*Task prompt:*
Pictures stay out of the copy; set down each line of the listing below exactly.

::: Data :::

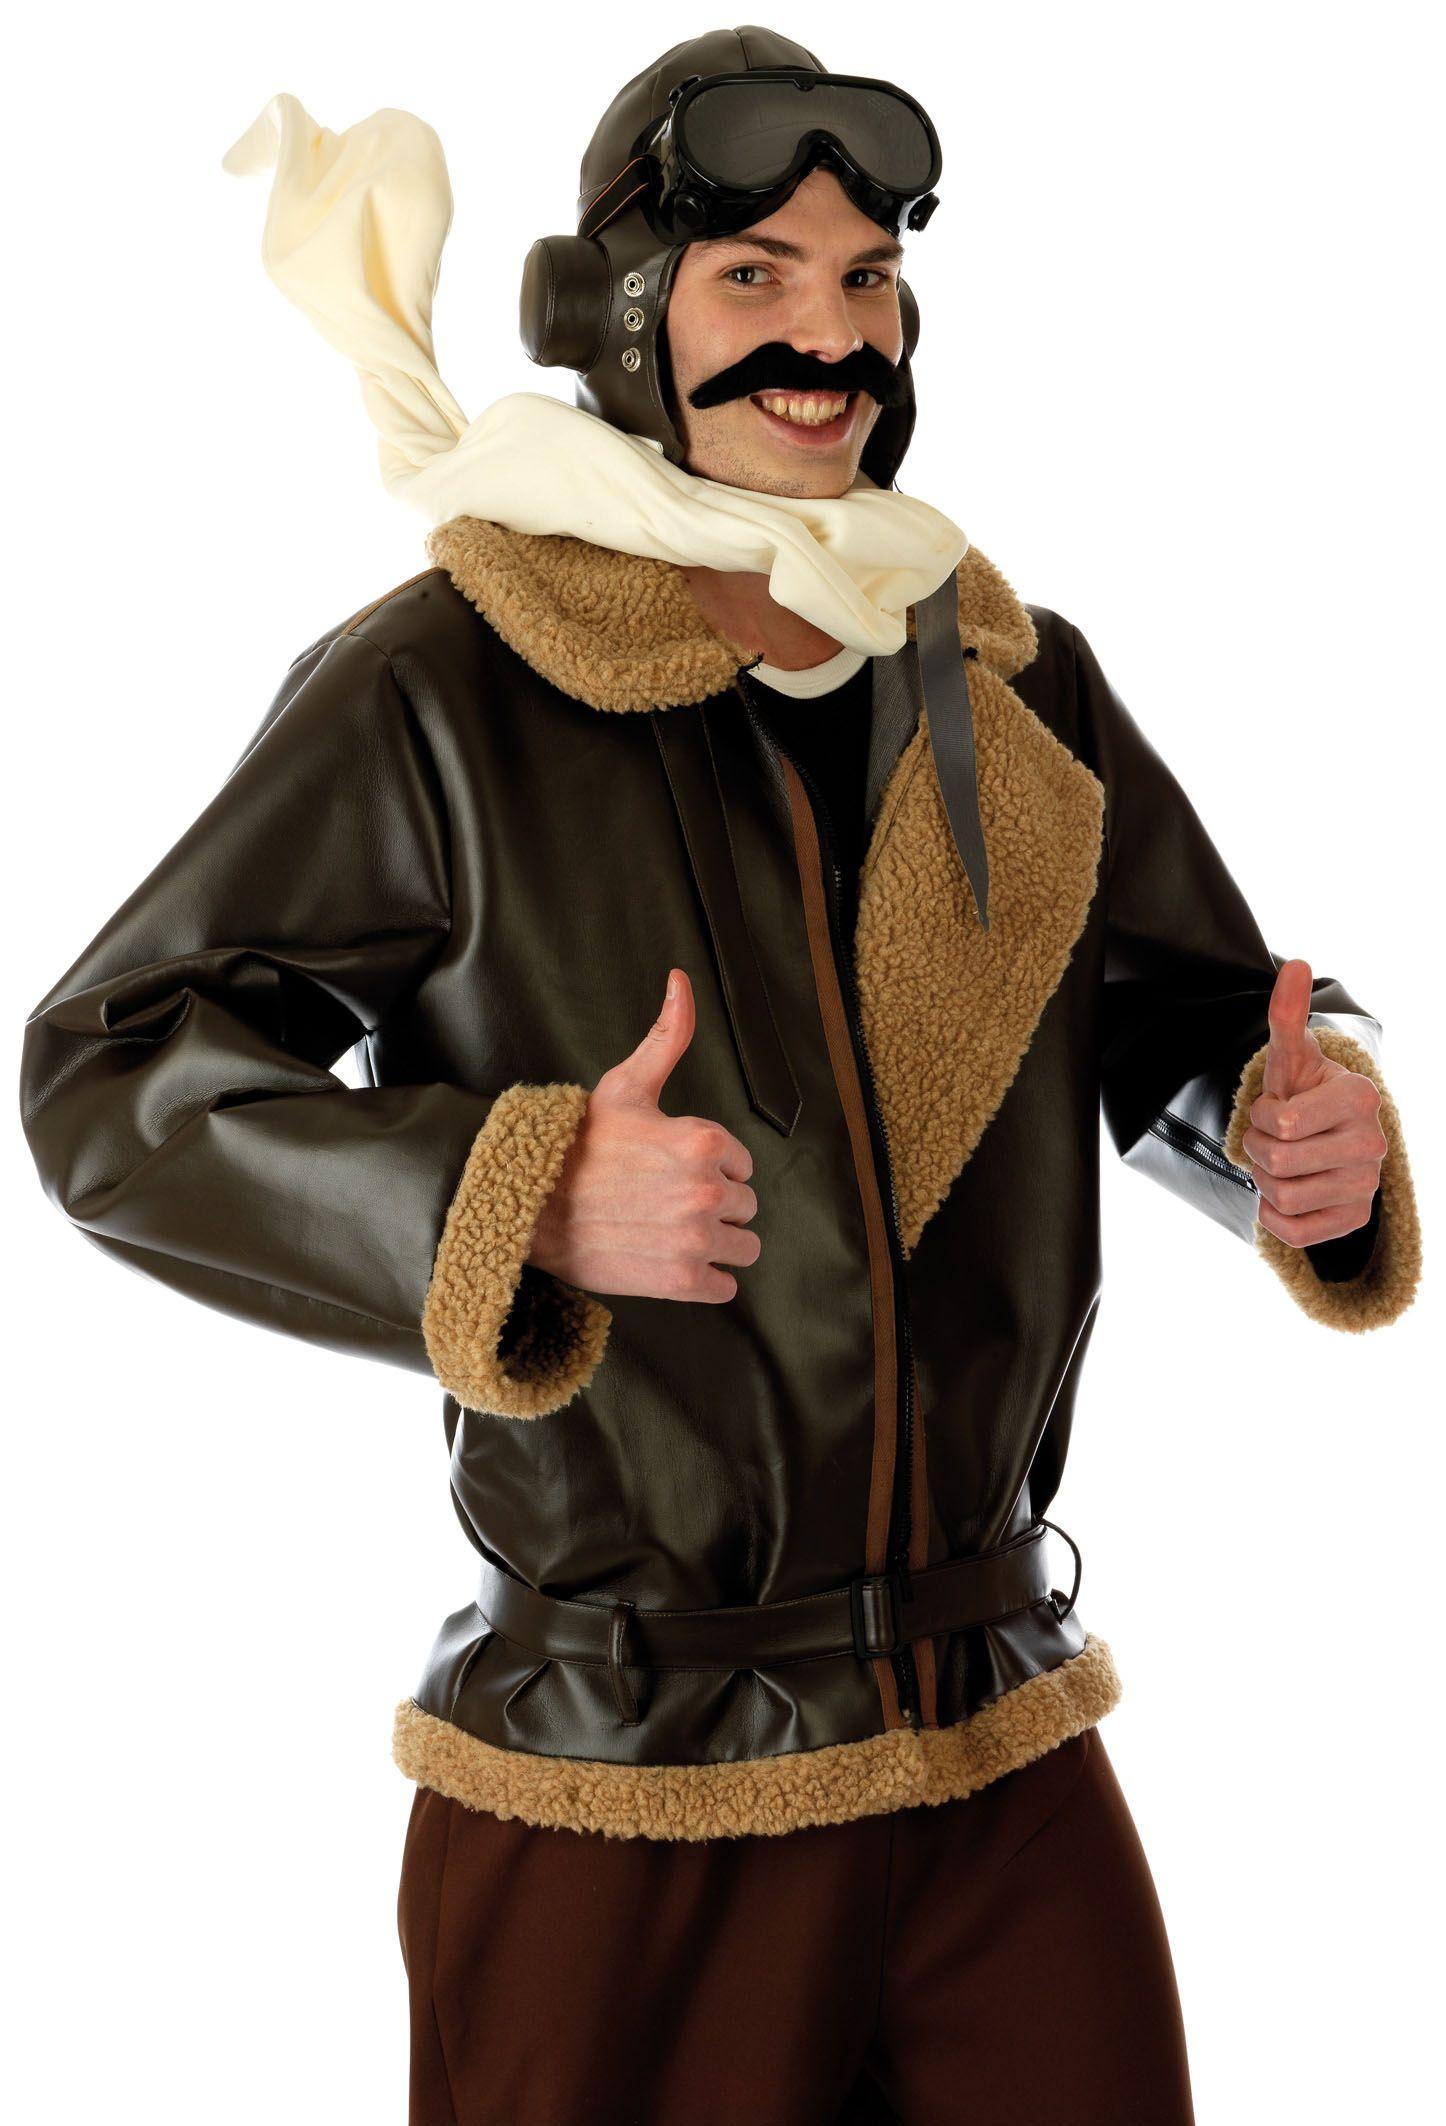 Details about Biggles WW2 War Fighter Pilot 1940s Mens Fancy Dress ...
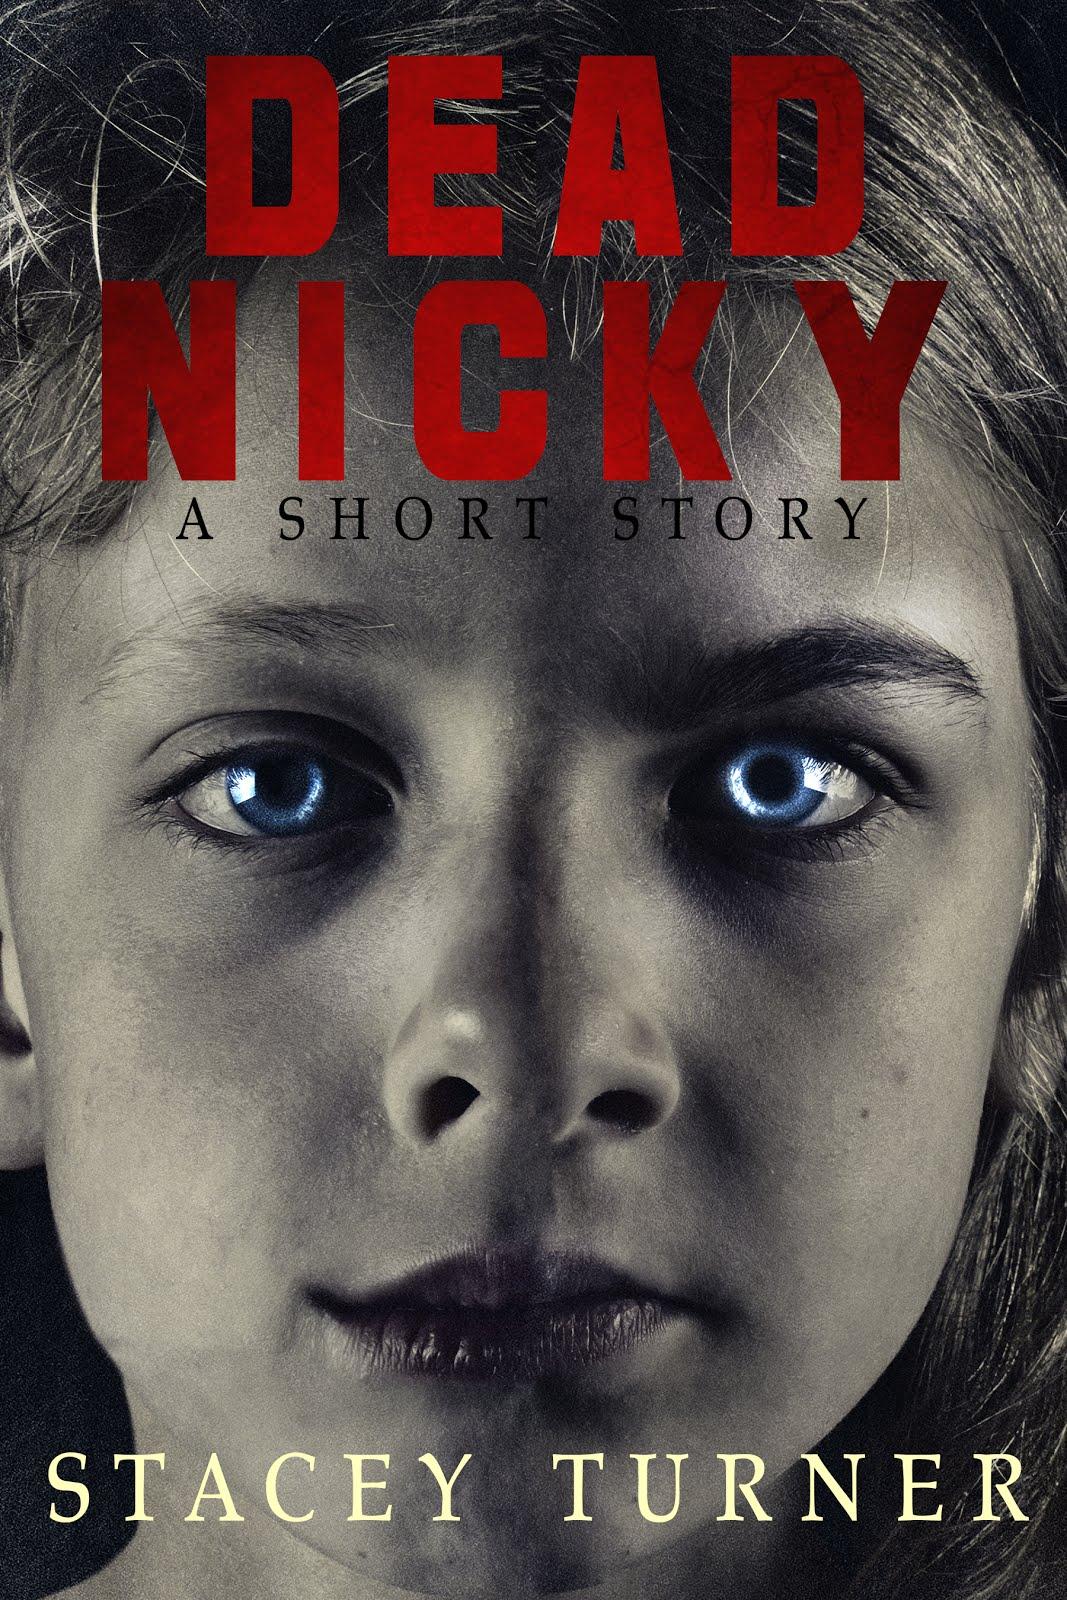 Dead Nicky
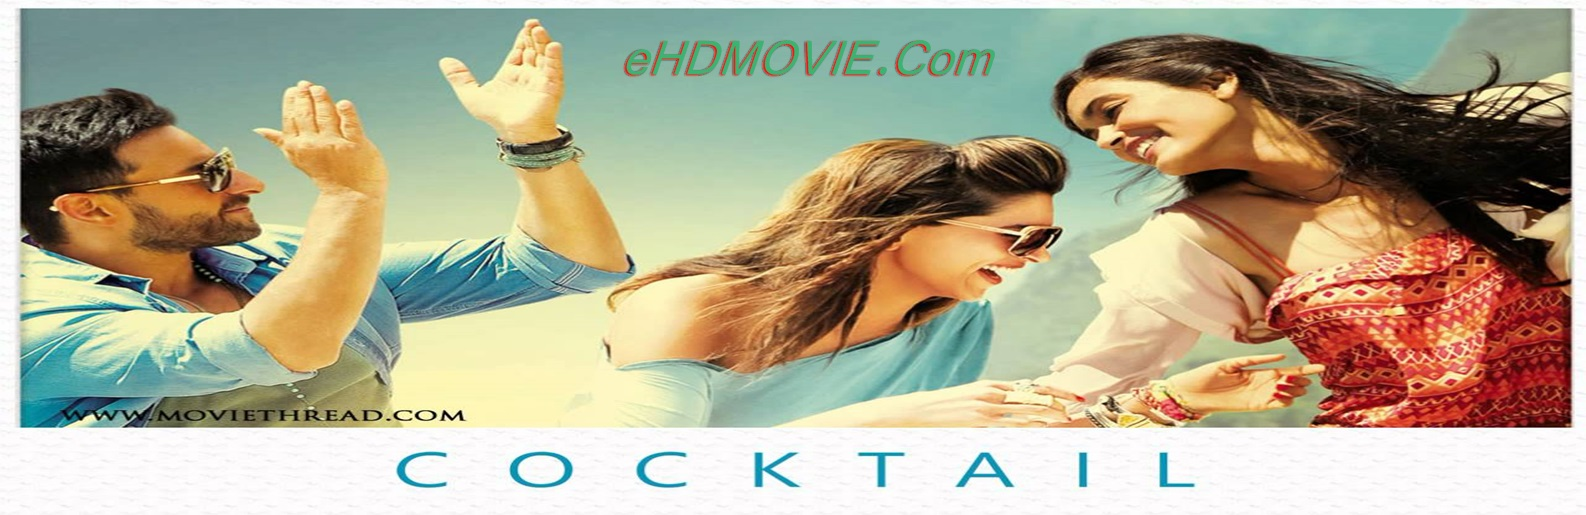 Cocktail 2012 Full Movie Hindi 720p - 480p ORG BRRip 500MB - 1.1GB ESubs Free Download

:::

*Completed exercise:*
 Details about Biggles WW2 War Fighter Pilot 1940s Mens Fancy Dress ...
 Dead Nicky
 Cocktail 2012 Full Movie Hindi 720p - 480p ORG BRRip 500MB - 1.1GB ESubs Free Download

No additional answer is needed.